WHAT TO DO:
Every line of the listing below should be written out exactly, minus its pictures.

THE DATA:
--
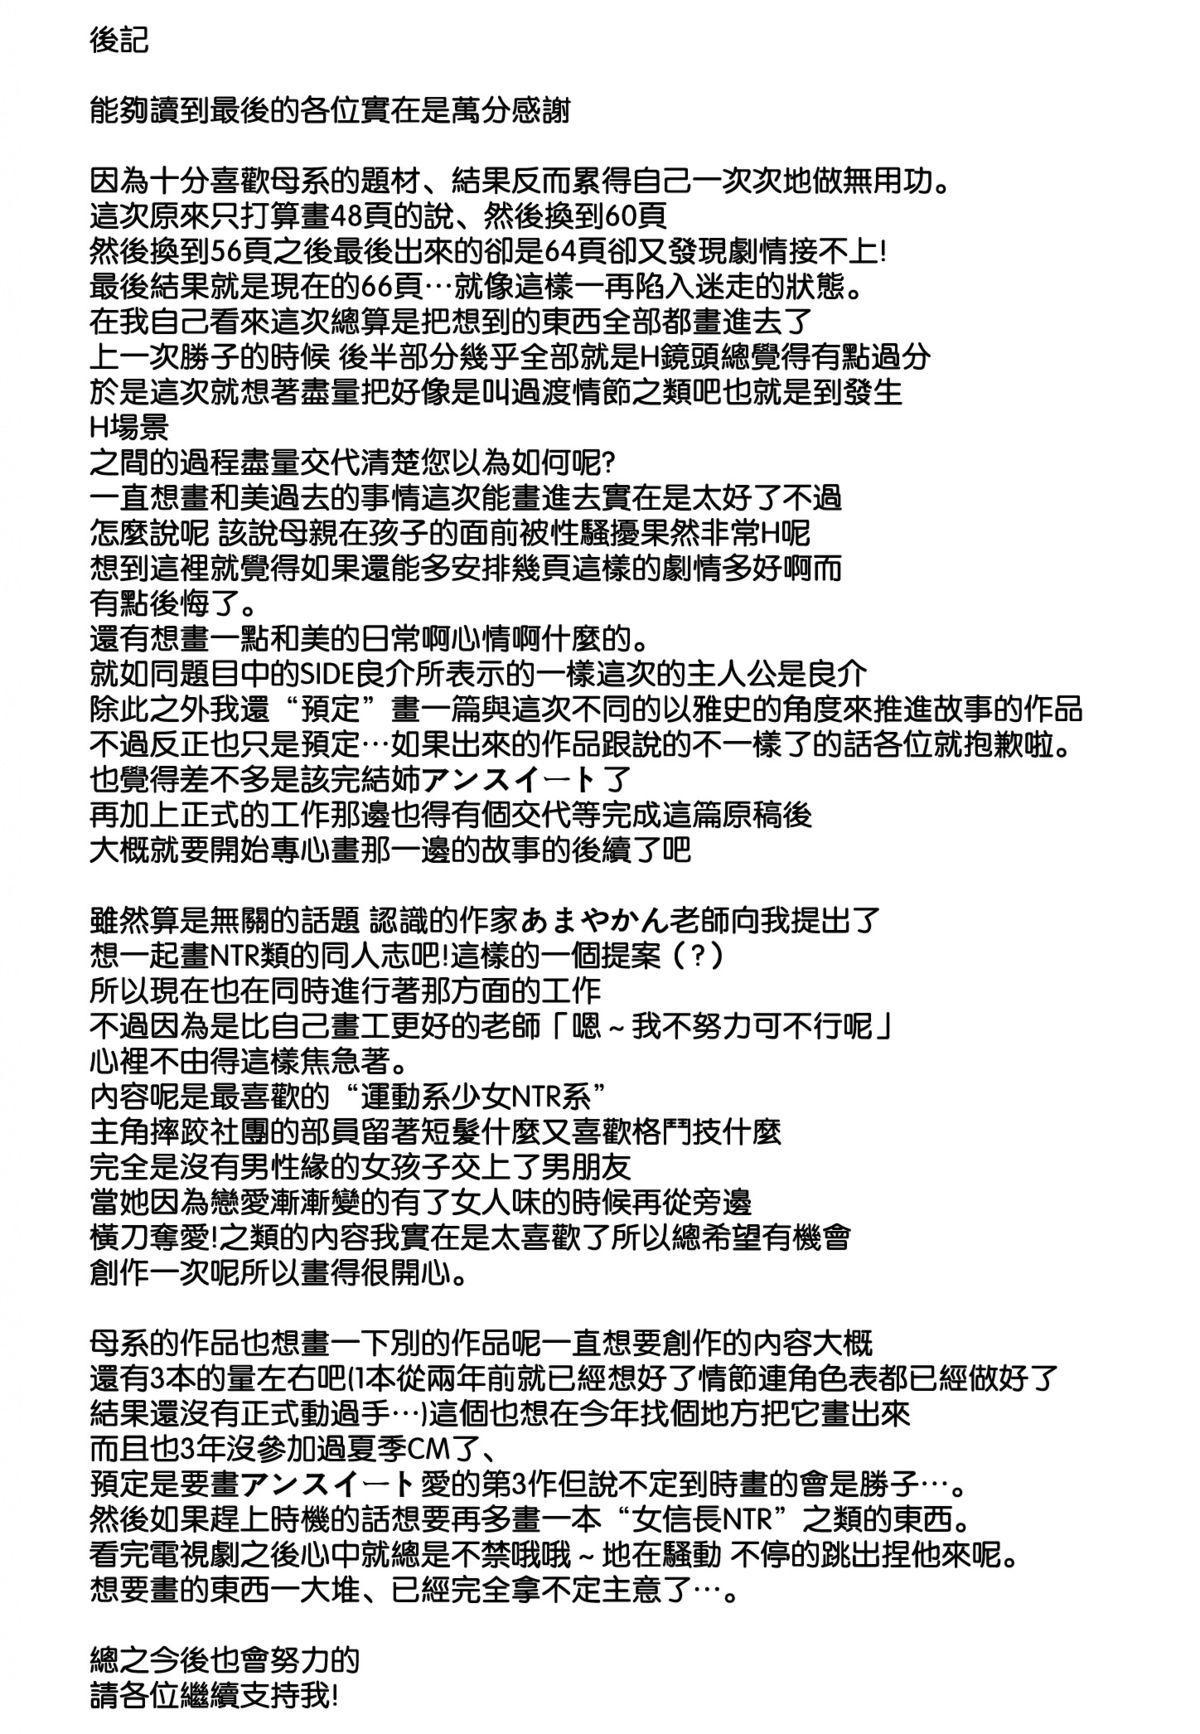 UnSweet Haha Wakui Kazumi Plus SIDE Hitori Musuko Ryousuke   Unsweet Mom Aimi Wakui - SIDE her only son Yoshisuke 66
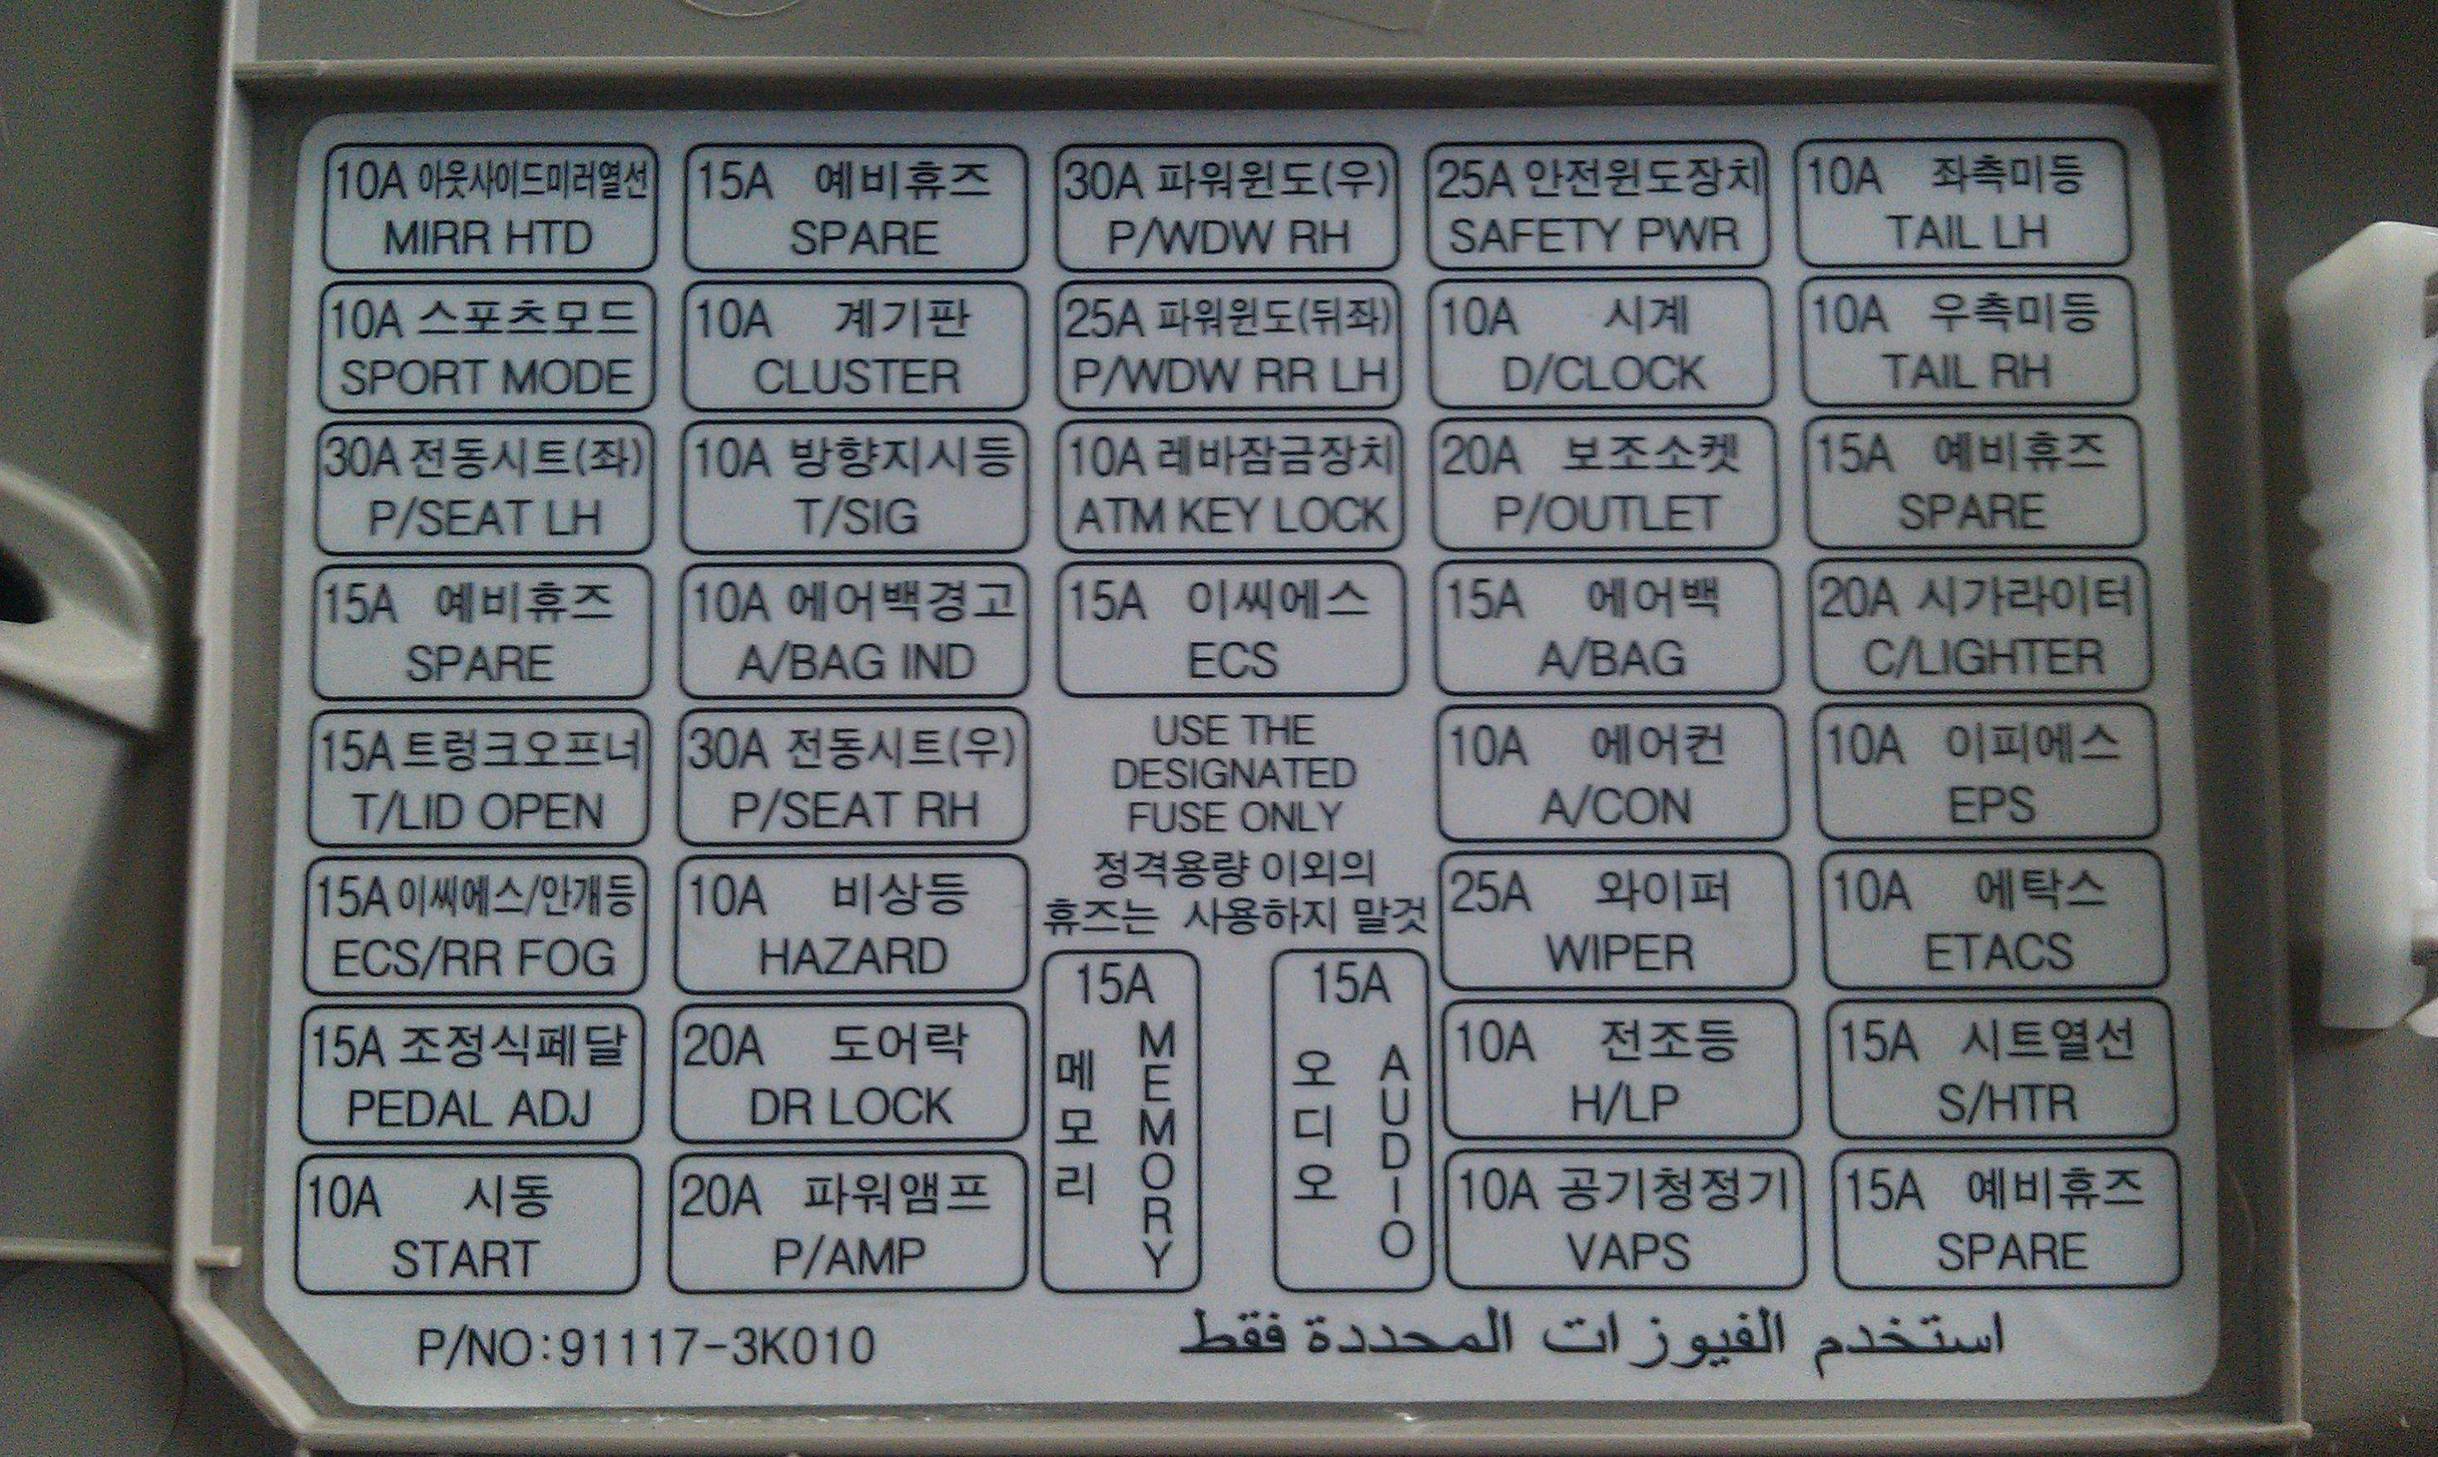 Kia Sorento Transfer Box Fuse Basic Guide Wiring Diagram \u2022 2005 Kia  Sedona Fuse Panel Diagram 2004 Kia Sorento Fuse Box Diagram
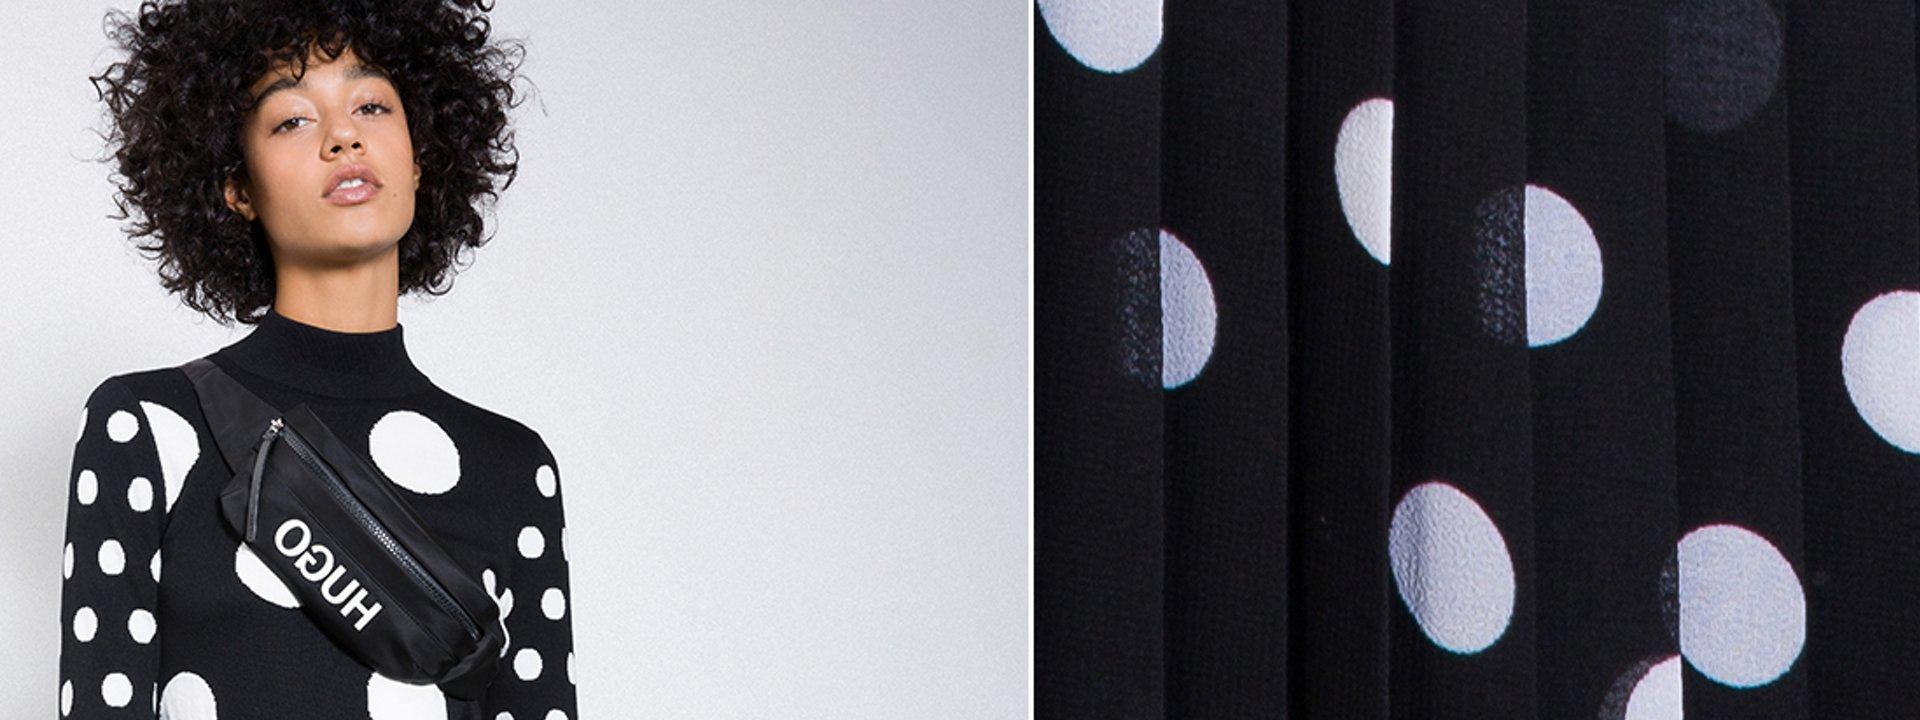 c3e5ec8a15fa Female model wearing a black shirt with dots and a black skirt with dots by  HUGO ...
--
EXERCISE SOLUTION:
 UnSweet Haha Wakui Kazumi Plus SIDE Hitori Musuko Ryousuke   Unsweet Mom Aimi Wakui - SIDE her only son Yoshisuke 66
 Kia Sorento Transfer Box Fuse Basic Guide Wiring Diagram \u2022 2005 Kia  Sedona Fuse Panel Diagram 2004 Kia Sorento Fuse Box Diagram
 c3e5ec8a15fa Female model wearing a black shirt with dots and a black skirt with dots by  HUGO ...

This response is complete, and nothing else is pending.